This is pretty wild. Investors in agency mortgage REITs have got to be thrilled right now. These REITs are achieving outstanding price-to-book ratios. Even Orchid Island Capital (ORC) has a premium to our estimate of current book value.
When does that happen? Not very often. Some analysts would run estimates about once per quarter, but The REIT Forum runs new estimates on a weekly basis. While our charts here will use the price-to-trailing book, the commentary will focus on price-to-current-projected-book-value.
What Do You Mean Estimates?
You understand that mortgage REITs are holding a large amount of mortgages and a ton of hedges. Right? I think most people who click my articles understand that. The thing about having all these positions is that the positions are disclosed every quarter. They usually don’t have dramatic changes in the position between quarters. Therefore, if you were willing to spend enough time on it, you could model out the projected change in the value of every asset and every liability. Of course, you can also account for things like interest accrual. That is how you create an estimate for the REIT’s performance.

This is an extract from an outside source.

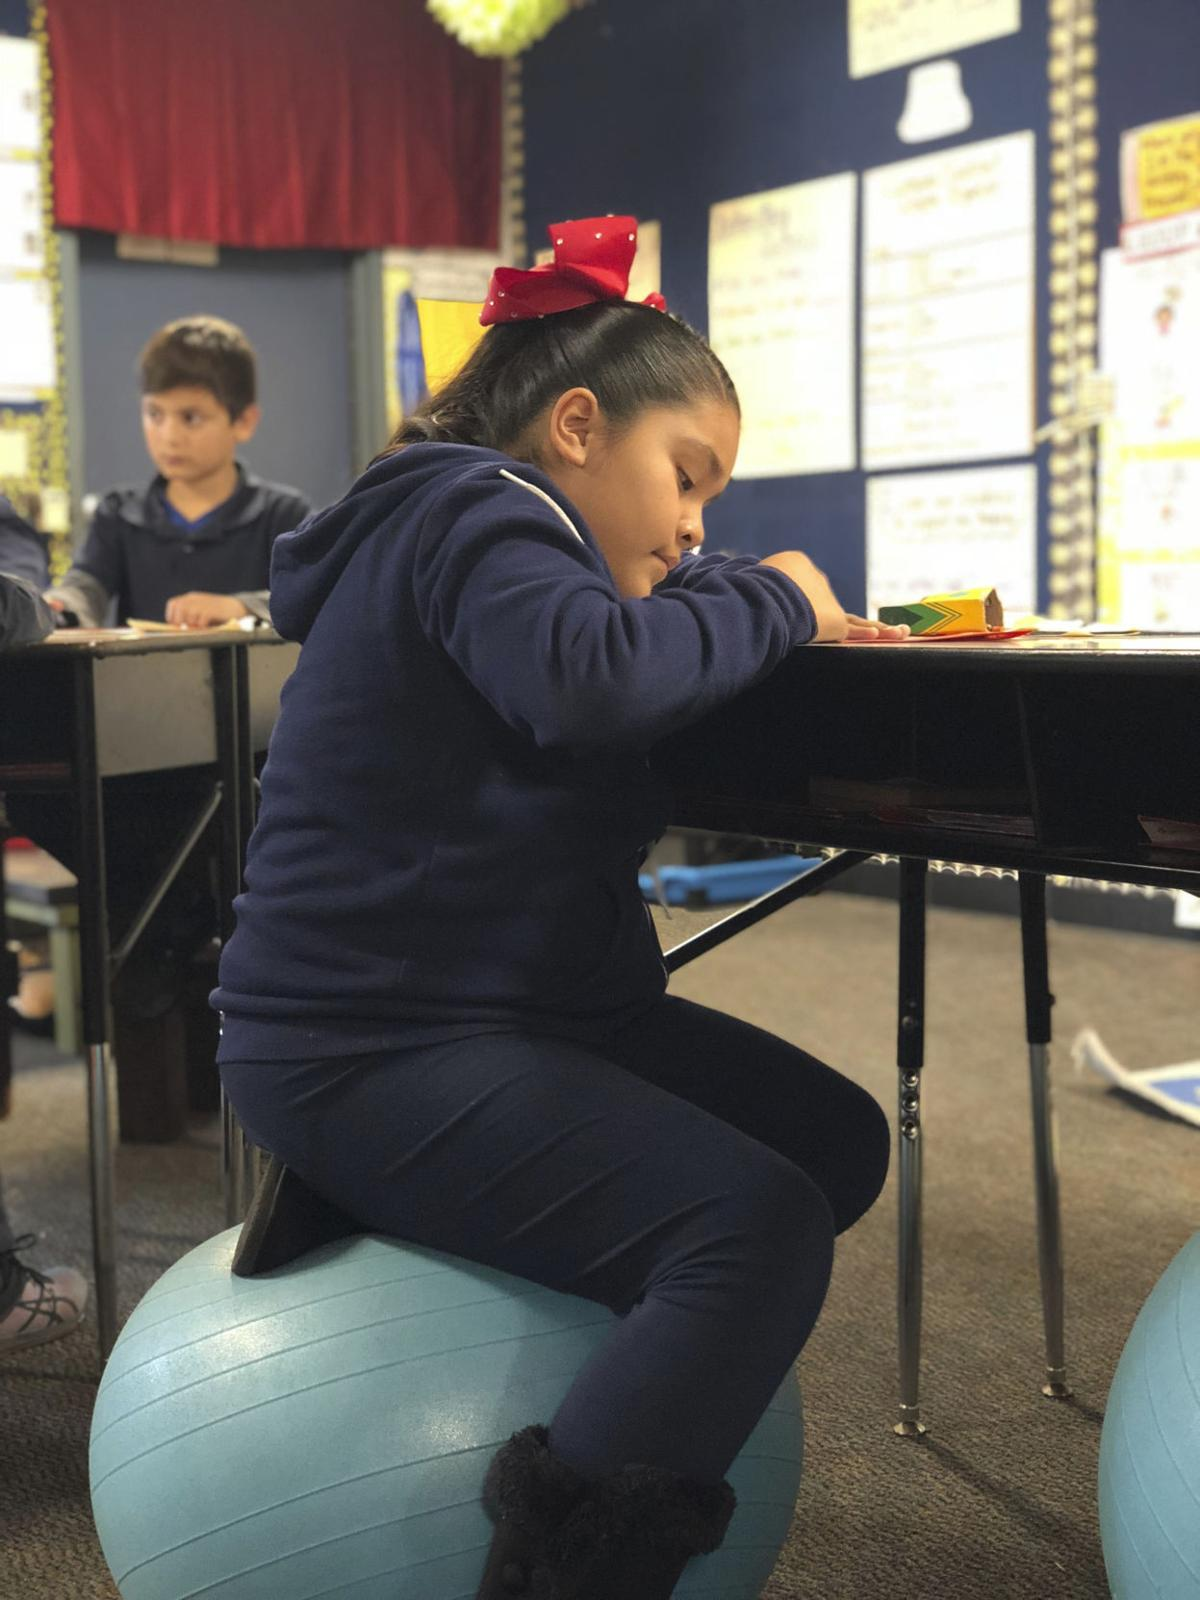 2 - Back To School Classroom Design

You don’t have to predict where rates will go in the future. Why not? Because if you could do that consistently you’d be richer than Warren Buffett. Instead, you can model based on what has happened and what would happen if rates simply followed the forward yield curve. Being able to adjust for where rates are today is already more than most investors are doing.
The Gap
The gap between AGNC Investment Corp. (AGNC) and other agency mortgage REITs narrowed. AGNC still has the highest price-to-book ratio, but there are two others with significant premiums using our current estimates for book value. Orchid Island Capital also has a premium to projected book value, but it’s smaller. Around 3%, using today’s values and our estimated valuation for every position within their portfolio as of last Friday night. If I were management at Orchid Island Capital, I would be smashing the “issue new shares” button. Of course, that’s assuming we are right about the current book value. Historically, we usually do a pretty good job with those estimates.
Dividends Getting Mugged
If paying a huge premium and then getting a dividend sounds like “income” to you, you’ll love this idea. Some stores offer “rebates.” If you ignore the price you paid for the item, you can count the rebate as “income.”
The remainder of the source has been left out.